6 Sana gelince, ey Paşhur, sen de evinde yaşayanların hepsi de Babil'e sürüleceksiniz. Sen de kendilerine yalan peygamberlik ettiğin bütün dostların da orada ölüp gömüleceksiniz.’”
But you, Pashhur, and all the inhabitants of your house, will go into captivity. And you will go to Babylon. And there you shall die. And there you shall be buried, you and all your friends, to whom you have prophesied a lie.”
7 Beni kandırdın, ya RAB, Ben de kandım. Bana üstün geldin, beni yendin. Bütün gün alay konusu oluyorum, Herkes benimle eğleniyor.
“You have led me away, O Lord, and I have been led away. You have been stronger than I, and you have prevailed. I have become a derision all day long; everyone mocks me.
8 Çünkü konuştukça feryat ediyor, Şiddet diye, yıkım diye haykırıyorum. RAB'bin sözü yüzünden bütün gün yeriliyor, Gülünç duruma düşüyorum.
For I speak now as I have long spoken: crying out against iniquity and proclaiming devastation. And the word of the Lord has been made into a reproach against me and a derision, all day long.
9 “Bir daha onu anmayacak, O'nun adına konuşmayacağım” desem, Sözü kemiklerimin içine hapsedilmiş, Yüreğimde yanan bir ateş sanki. Onu içimde tutmaktan yoruldum, Yapamıyorum artık.
Then I said: I will not call him to mind, nor will I speak any longer in his name. And my heart became like a raging fire, enclosed within my bones. And I became weary of continuing to bear it.
10 Birçoğunun, “Her yer dehşet içinde! Suçlayın! Suçlayalım onu!” diye fısıldaştığını duydum. Bütün güvendiğim insanlar düşmemi gözlüyor, “Belki kanar, onu yeneriz, Sonra da öcümüzü alırız” diyorlar.
For I heard the insults of many, and terror all around: ‘Persecute him!’ and, ‘Let us persecute him!’ from all the men who had been at peace with me and who had kept watch by my side. ‘If only there were some way that he might be deceived, and we might prevail against him and obtain vengeance from him!’
11 Ama RAB güçlü bir savaşçı gibi benimledir. Bu yüzden bana eziyet edenler tökezleyecek, Üstün gelemeyecek, Başarısızlığa uğrayıp büyük utanca düşecekler; Onursuzlukları sonsuza dek unutulmayacak.
But the Lord is with me, like a strong warrior. For this reason, those who persecute me will fall, and they will be ineffective. They will be greatly confounded. For they have not understood the everlasting disgrace that will never be wiped away.
12 Ey doğru kişiyi sınayan, Yüreği ve düşünceyi gören Her Şeye Egemen RAB! Davamı senin eline bırakıyorum. Onlardan alacağın öcü göreyim!
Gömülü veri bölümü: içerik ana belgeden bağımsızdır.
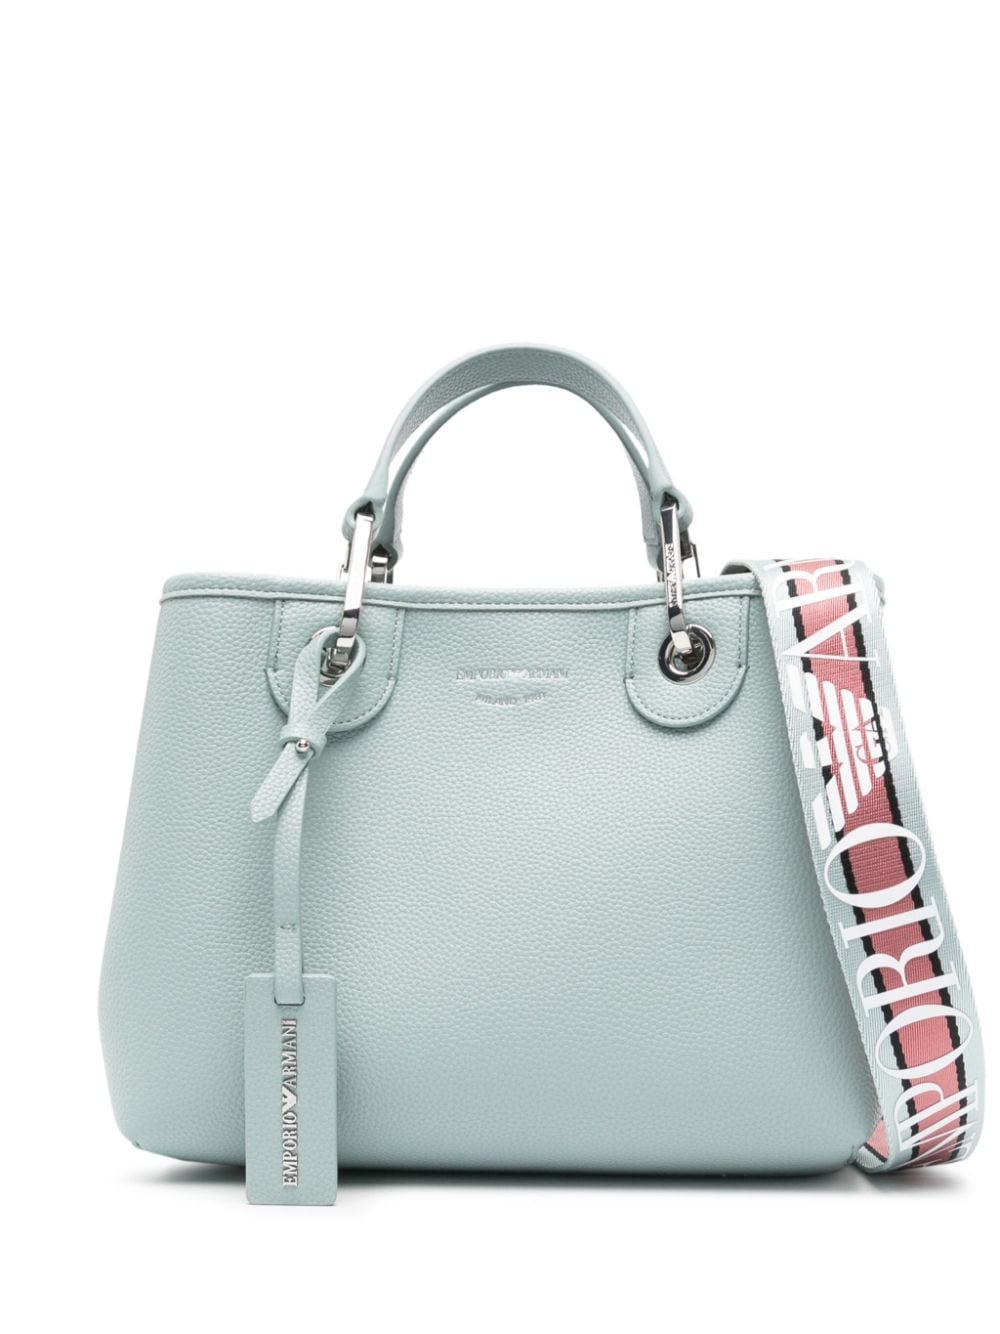 Clear Blue Faux Leather Grained Texture Handbag with Logo Charm and Adjustable Strap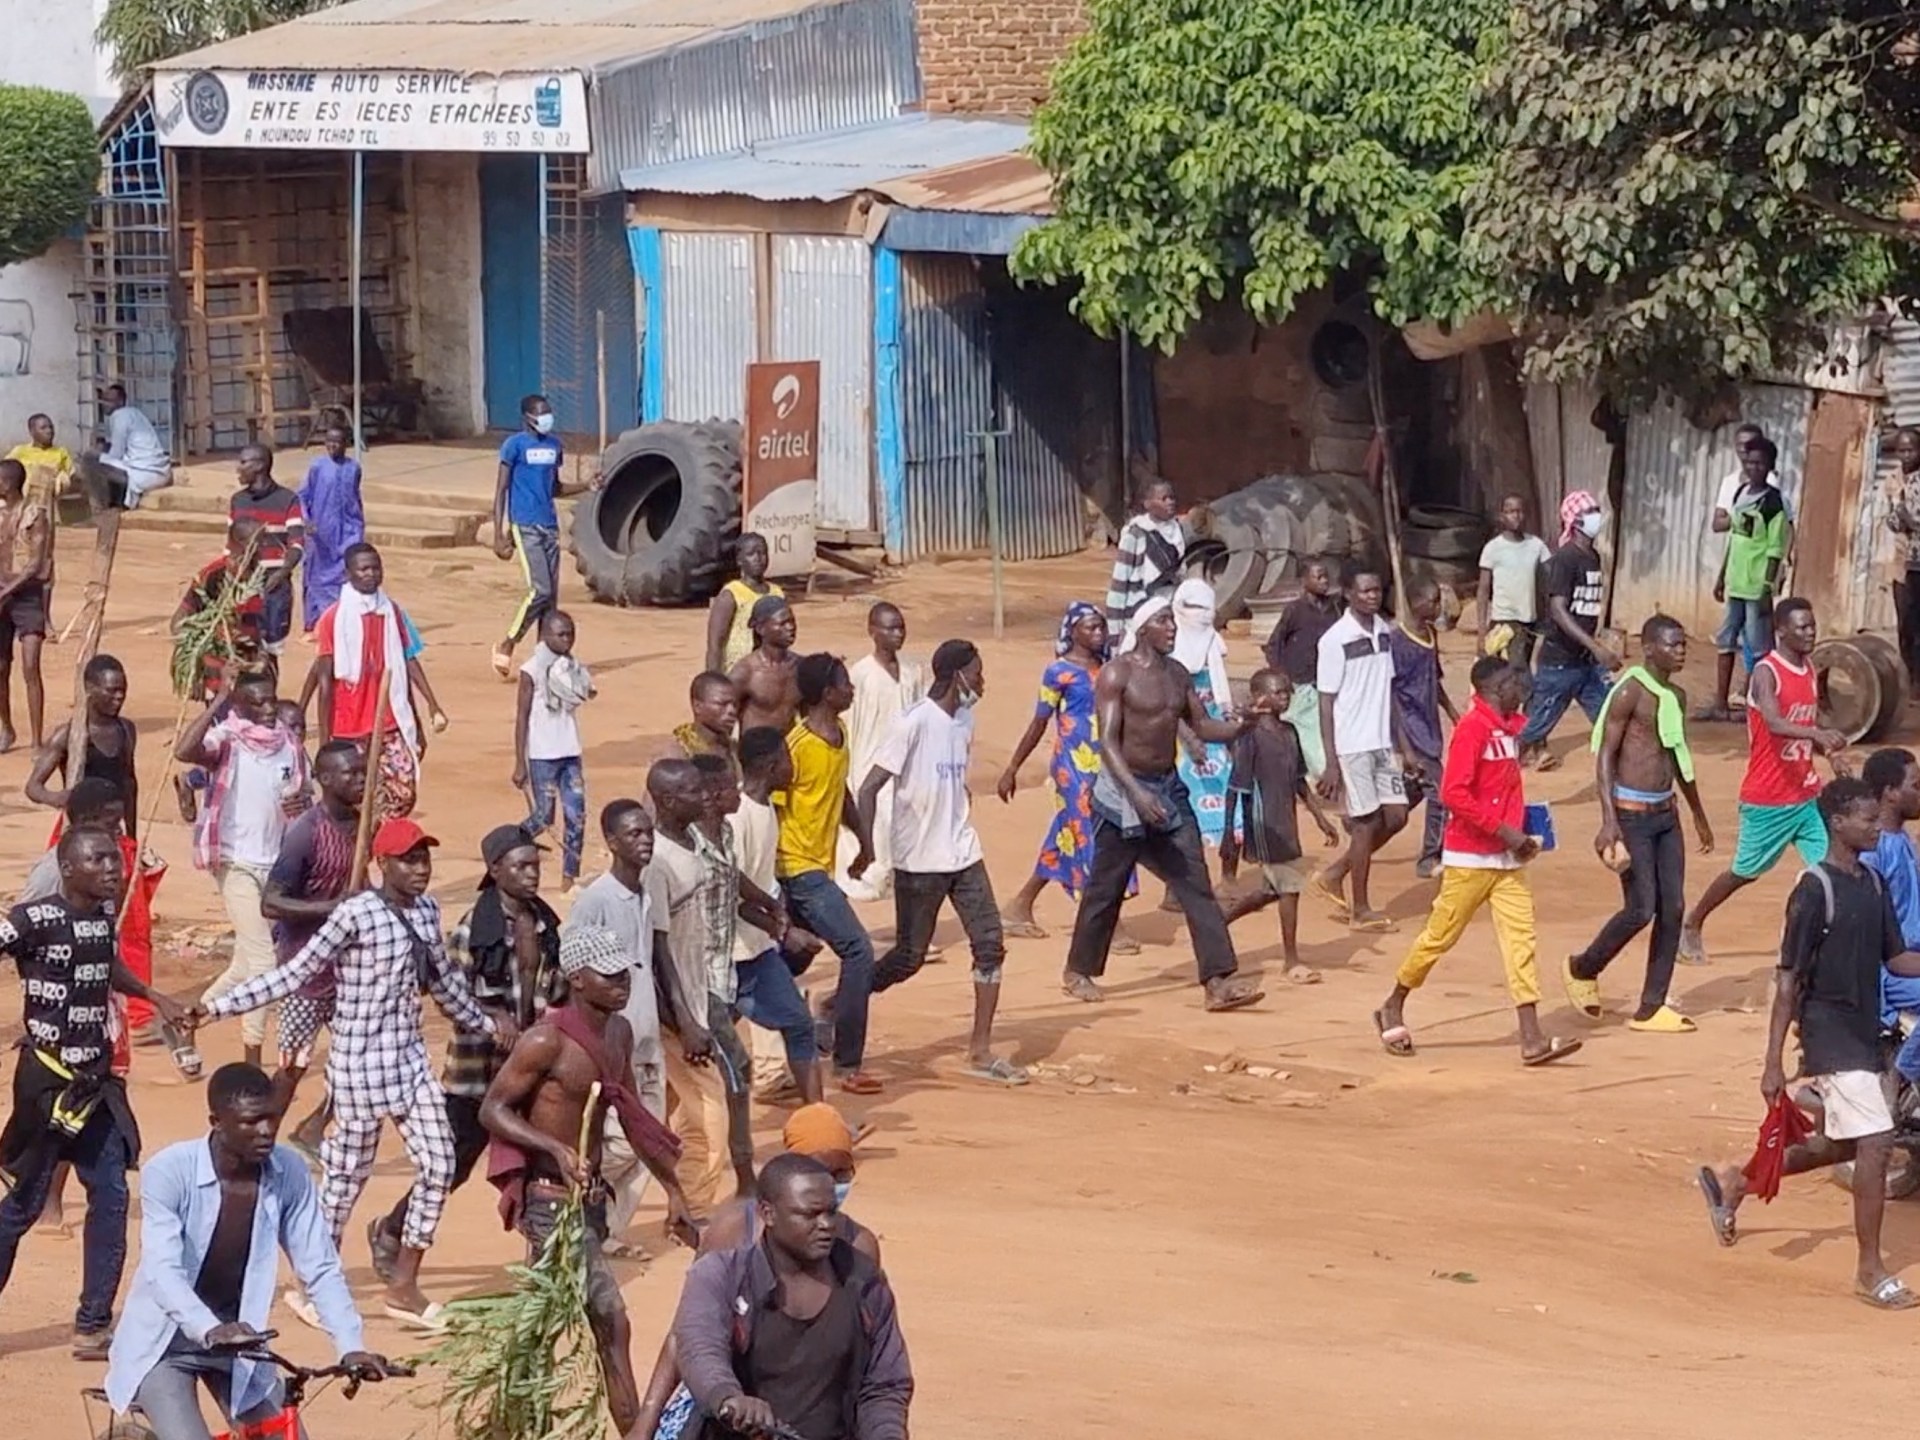 dozens-killed-in-chad-after-protesters-demand-civilian-rule

And you, O Lord of hosts, the Tester of the just, who sees the temperament and the heart: I beg you to let me see your vengeance upon them. For I have revealed my case to you.
13 Ezgiler okuyun RAB'be! Övün RAB'bi! Çünkü yoksulun canını kötülerin elinden O kurtardı.
Sing to the Lord! Praise the Lord! For he has freed the soul of the poor from the hand of the wicked.
14 Lanet olsun doğduğum güne! Kutlu olmasın annemin beni doğurduğu gün!
Cursed is the day on which I was born! The day on which my mother gave birth to me: let it not be blessed!
15 “Bir oğlun oldu!” diyerek babama haber getiren, Onu sevince boğan adama lanet olsun!
Cursed is the man who announced it to my father, saying, ‘A male child has been born to you,’ causing him to rejoice with gladness.
16 RAB'bin acımadan yerle bir ettiği Kentler gibi olsun o adam! Sabah feryatlar, Öğlen savaş naraları duysun!
Let that man be like the cities that the Lord has overthrown without regret. Let him hear an outcry in the morning, and wailing at the time of midday!
17 Çünkü beni annemin rahminde öldürmedi; Annem mezarım olur, Rahmi hep gebe kalırdı.
So let him be, who did not put me to death from the womb, so that my mother would have been my sepulcher, and her womb would have been my eternal resting place!
18 Neden ana rahminden çıktım? Dert, üzüntü görmek, Ömrümü utanç içinde geçirmek için mi?
Why did I depart from the womb, so that I would see hardship and sorrow, and so that my days would be consumed by trouble?”